#### Task brief
Look below for the line that contains "Mornings with Jesus" and the line that contains "S Corp Operating", then restate both of them and every line in between, exactly. No picture goes in the copy.

#### Supplied material
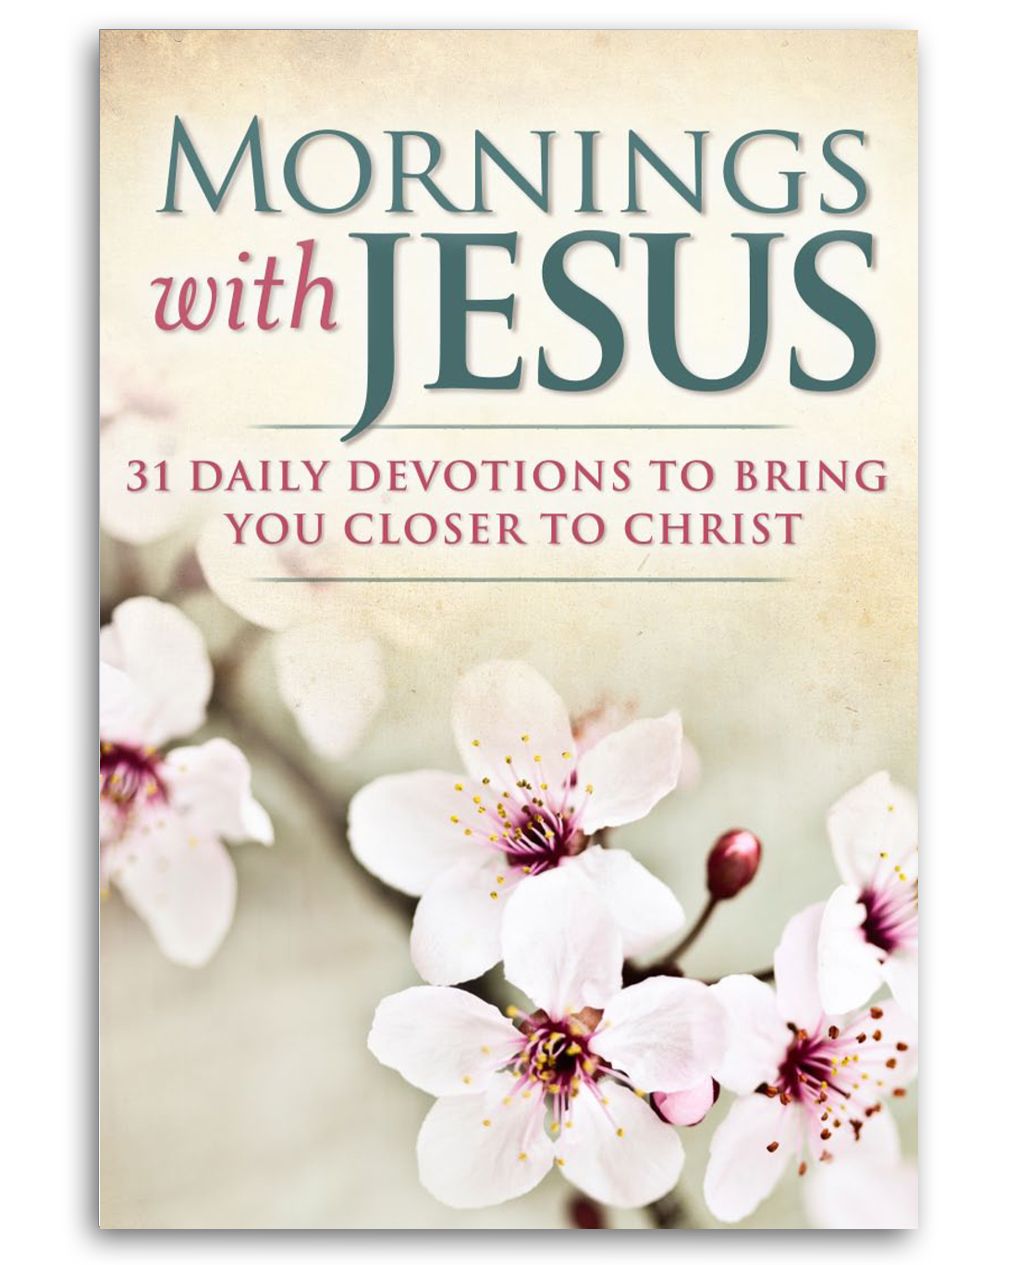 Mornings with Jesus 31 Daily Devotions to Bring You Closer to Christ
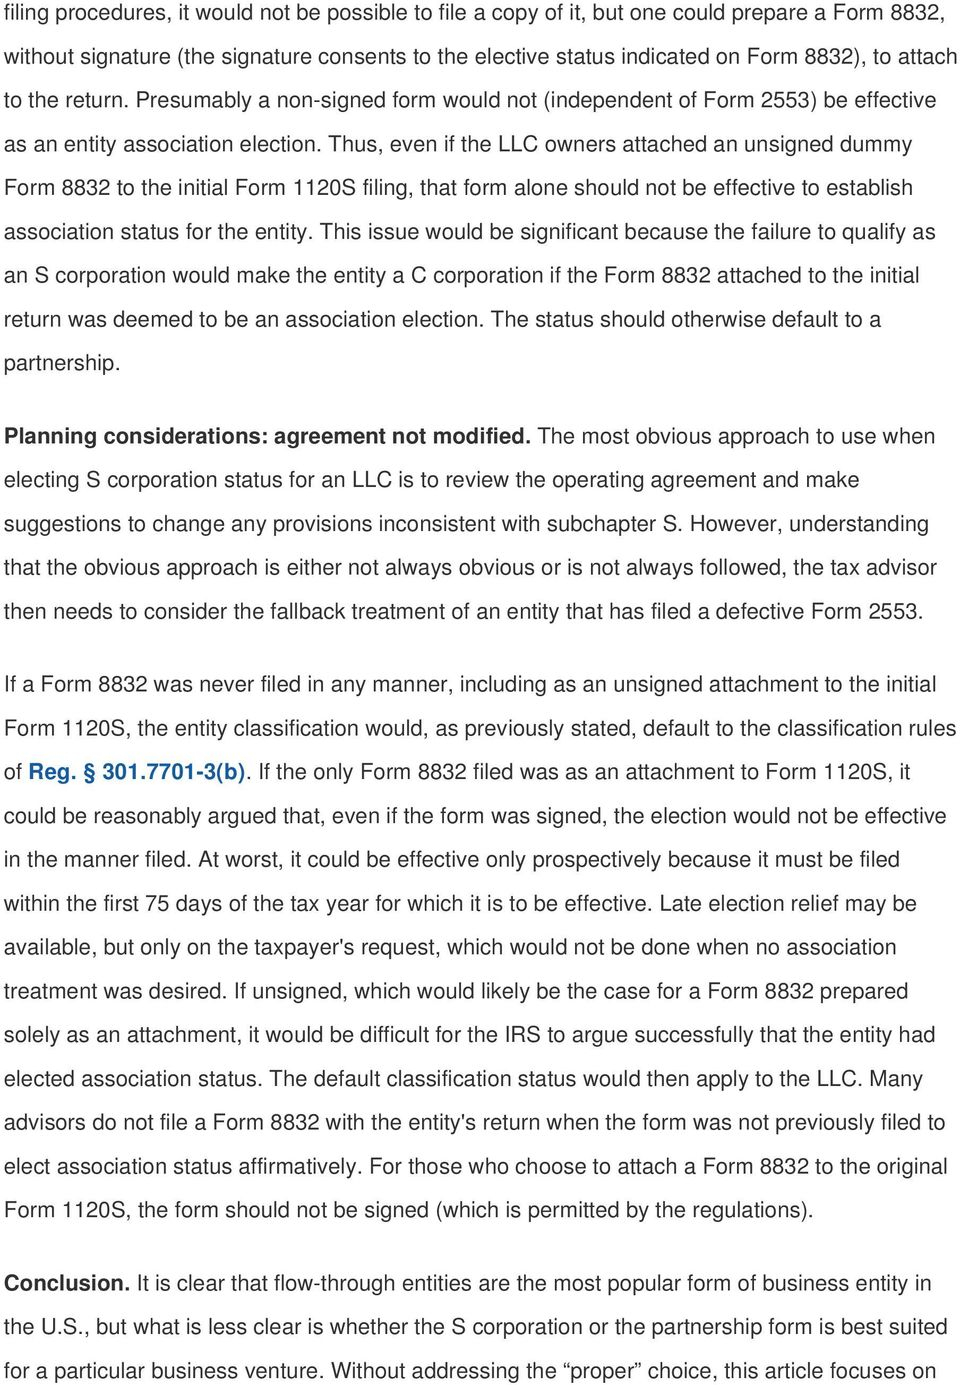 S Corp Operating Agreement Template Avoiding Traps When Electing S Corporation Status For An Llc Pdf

--

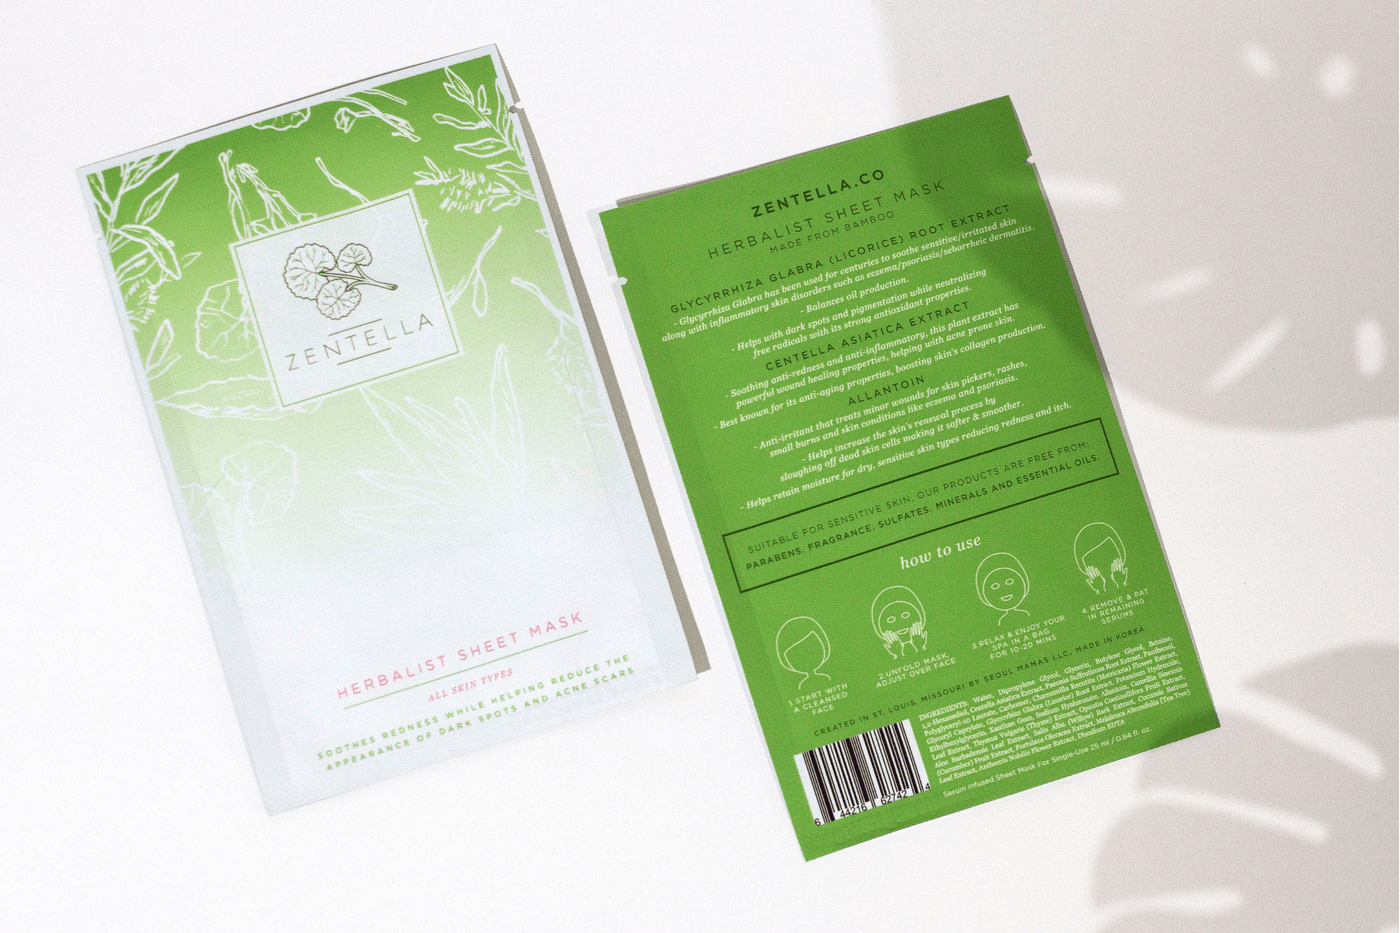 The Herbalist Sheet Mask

#### Answer area
 Mornings with Jesus 31 Daily Devotions to Bring You Closer to Christ
 S Corp Operating Agreement Template Avoiding Traps When Electing S Corporation Status For An Llc Pdf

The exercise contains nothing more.